International Journal of Clinical Pediatric Dentistry
Volume 15 | Special Issue 1 | Year 2022

Clinical and Radiographic Evaluation of Curcumin as an Obturation Material in Deciduous Teeth: A Randomized Controlled Trial

Charishma Sai Bommareddy1, Hemalatha Ramkumar2, Senthil Dakshinamurthy3, Shankar Paulindraraj4, Trophimus Gnanabagyan Jayakaran5, Karthika Shankar6

1-6Department of Pediatric and Preventive Dentistry, SRM Dental College, Chennai, Tamil Nadu, India

Corresponding Author: Charishma Sai Bommareddy, Department of Pediatric and Preventive Dentistry, SRM Dental College, Chennai, Tamil Nadu, India, Phone: +91 7702762248, e-mail:


Aim and objective: To evaluate the clinical and radiographic success rates of curcumin, curcumin and calcium hydroxide in equal proportions and calcium hydroxide as an obturation material compared to curcumin and calcium hydroxidet (Metapex).

Materials and methods: This study included 64 primary molars with irreversible pulpitis indicated for single visit pulpectomy. After obtaining informed consent from the parents, all the teeth were randomly allocated to one of four groups. Pulpectomy was performed using rubber dam isolation and was obturated. The samples were categorized into the four groups based on obturation material namely, group A: curcumin with calcium hydroxide in equal proportions, group B: curcumin, group C: calcium hydroxide, and group D: Metapex. Clinical and radiographic outcomes were evaluated at time intervals of 10 days, 1 month, 3 months, and 6 months. Data was subjected to statistical analysis. Chi-square tests were used compare the groups.

Results: At the end of 6 months, clinical and radiographic success rates of groups A, B, and C showed 81.3%, 61.5%, and 93.8% , respectively, while group D had 100% success rate.

Conclusion: Among the four groups, the hierarchy of success rates are as follows: Metapex > calcium hydroxide > curcumin and calcium hydroxide > curcumin. However, various formulations and combinations of curcumin can still be extended with larger sample size.

Clinical significance: Curcumin and calcium hydroxide paste can be used as an obturating material with further follow-up studies.

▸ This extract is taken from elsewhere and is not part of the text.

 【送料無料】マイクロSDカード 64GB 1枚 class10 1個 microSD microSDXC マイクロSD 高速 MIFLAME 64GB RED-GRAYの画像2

How to cite this article: Bommareddy CS, Ramkumar H, Dakshinamurthy S, et al. Clinical and Radiographic Evaluation of Curcumin as an Obturation Material in Deciduous Teeth: A Randomized Controlled Trial. Int J Clin Pediatr Dent 2022;15(S-1):S35-S39.

Source of support: Nil

Conflict of interest: None

Keywords: Calcium hydroxide, Curcumin, Metapex, Obturation, Primary teeth, Pulpectomy, Randomized controlled trial


Pulpectomy is a complex procedure involving chemomechanical shaping of canals and obturating them with suitable medicament. The prime challenge in endodontic obturation is to achieve a fluid-tight seal along the whole length of the canal system.1 Rifkin2 described ideal obturation materials as those which are resorbable, radiopaque, noninflammatory, nonirritating to underlying permanent tooth germ, easy to insert, easy to remove, and most importantly which is antimicrobial in nature. According to the literature, there are no ideal obturating materials fulfilling the mentioned criteria.1

Hermann3 in 1921 first introduced calcium hydroxide which is now extensively used materials in pediatric endodontics owing to its high alkalinity and its elaborate antimicrobial activity.4 Metapex is silicone oil-based calcium hydroxide with 38% iodoform and is considered to be near ideal obturating material for deciduous tooth.5 However, Iodoform can provoke the periapical tissues, which lead to cemental necrosis.6 Few cases reported rapid resorption of iodoform inside canal leaving spaces popularly known as hollow tube effect, which undermines the success of the pulp therapy.7This disadvantage forms a base for urge of ideal obturating material with minimal adverse effects.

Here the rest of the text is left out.